The cost of averaging is set to:, so we have

To ensure that it is sufficient to guarantee

For an example of a stack, the number of entries in the stack is represented. In fact, we can simply talk about deposits as potential energy. Here the state SI represents the state of the stack after the first operation. For any of the I, there is.

Therefore, the state of the stack S is:

Then the line chart of the potential energy function is represented as:

We define as follows:

Therefore, starting with an empty stack, the N1 of Push,n2 pop and N3 multipop operations takes the most

, here n = n1 + n2 + n3.

In the binary counter, the potential energy function is set in the counter:

At this point, the line chart of the potential function is represented as:

In the counter will be set as the potential energy function, in step I, the number of flips CI is:

Therefore, we have

In other words, from 00 ... Starting at 0, a sequence of n increment operations takes up to 2n of time.

Here's a practical question to consider:

Suppose we are now being asked to develop a C + + compiler.

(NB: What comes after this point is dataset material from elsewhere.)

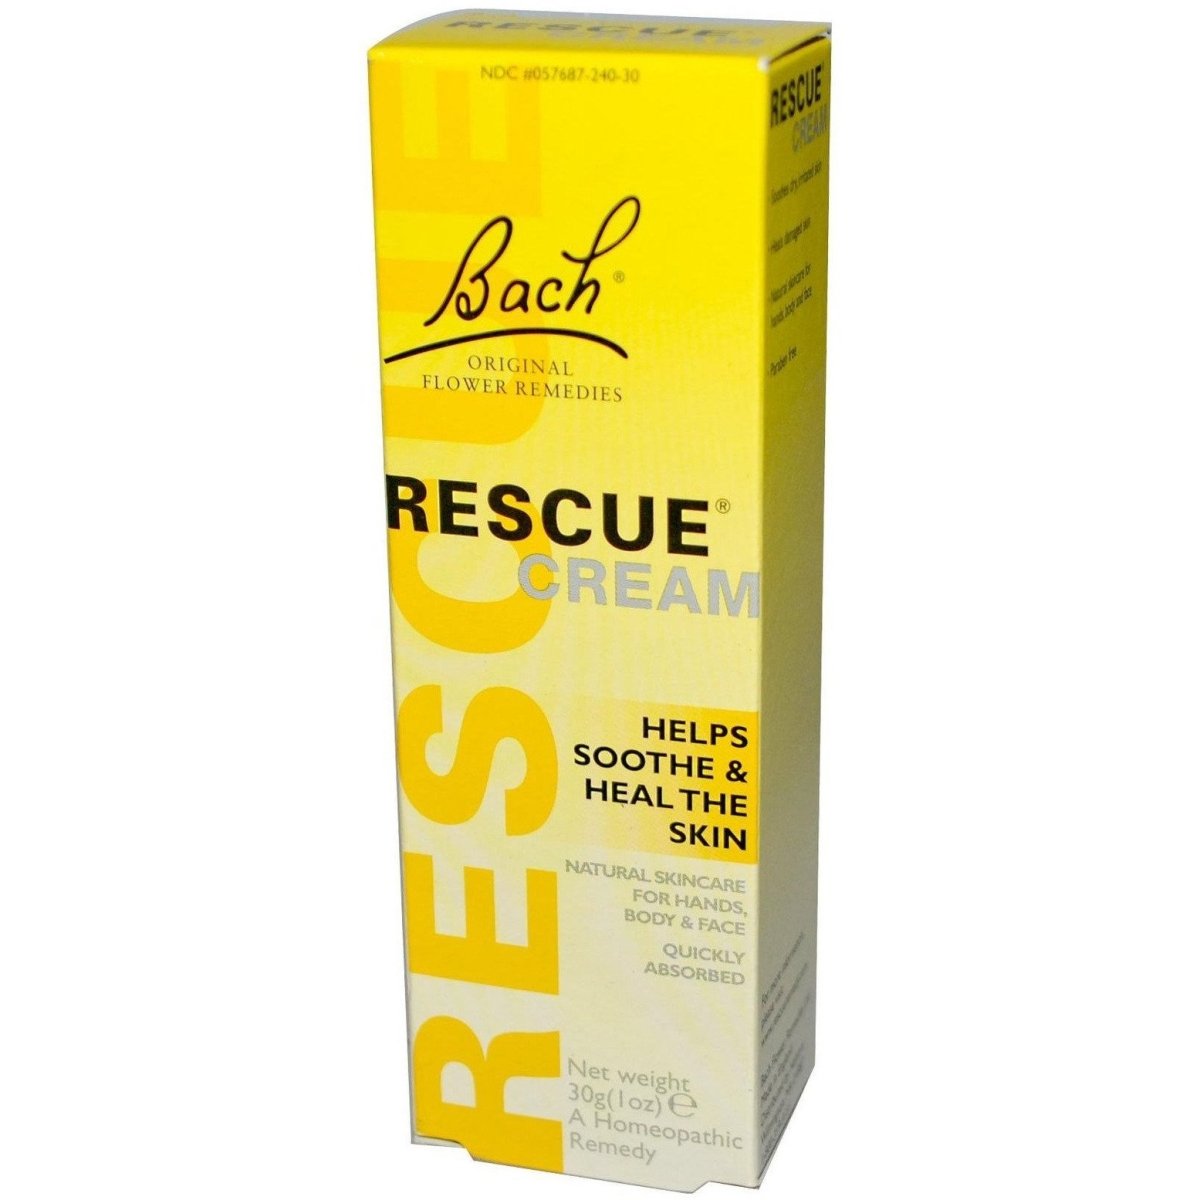 Rescue Cream - Helps Smooth &amp; Heal The Skin - 30g - 1oz

A vector is a C + + class template that stores a series of objects. It supports the operation of:

A. push_back: Adding a new object to the end

B. Pop-back: POPs the last object

Note that vectors use a contiguous area of memory to store objects. So how do we design an effective memory allocation strategy for vectors?

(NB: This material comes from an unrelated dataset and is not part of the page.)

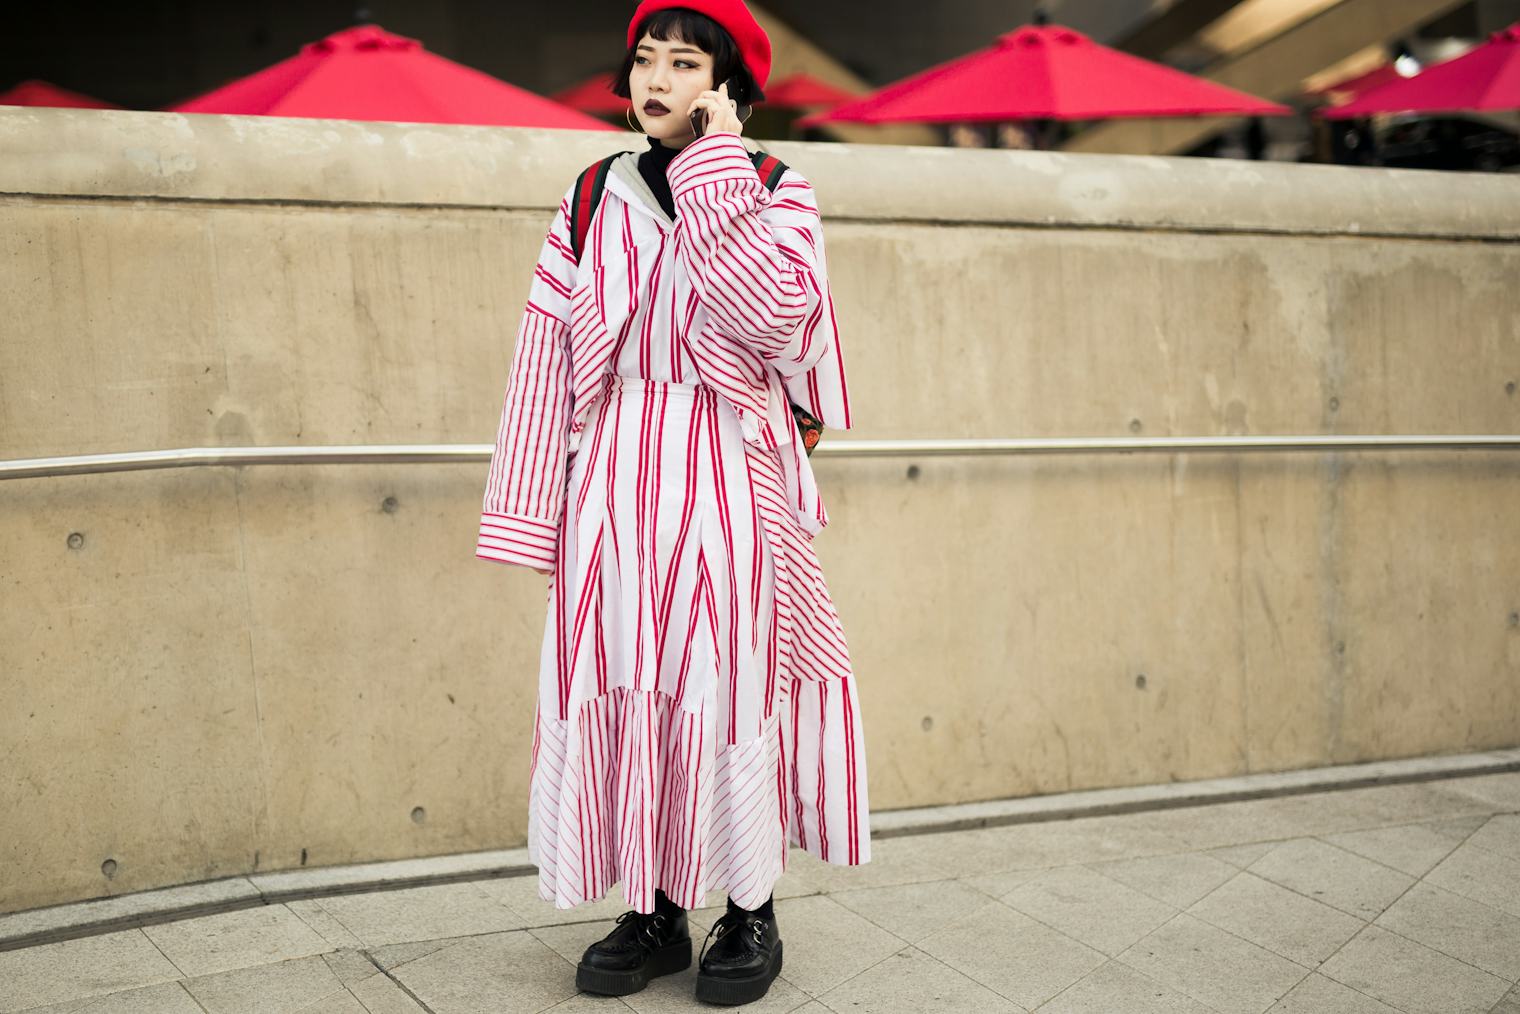 42 Seoul Fashion Week Street Style Pics That Go The Distance

This leads to the problem of dynamic tables.

In many applications, we are not able to know in advance how many objects to store in a table. Therefore, we have to allocate a certain amount of space to a table, but the final discovery is not enough. Here are two concepts:

Dynamic expansion: When a new item is inserted into a full table, the table must be re-formed into a larger table, and the objects in the original table must be copied to the new table.

Dynamic shrinkage: Similarly, if you delete many objects from a table, the table can be reassigned to a new table with smaller size.

We will give a memory allocation policy so that the cost of insertion and deletion is O (1). Even if an operation triggers an expansion or contraction, its actual cost is large.

Examples of dynamic table extensions:

Consider a sequence of operations starting from an empty stack:

Overflow extending the table after the operation:

Rough analysis, consider such an operation sequence, if we define costs based on basic insert and delete operations, then the actual cost of the first I operation CI is

The CI here = i is when the table is full, because at this point we need to insert it once and copy the I-1 entry into the new table.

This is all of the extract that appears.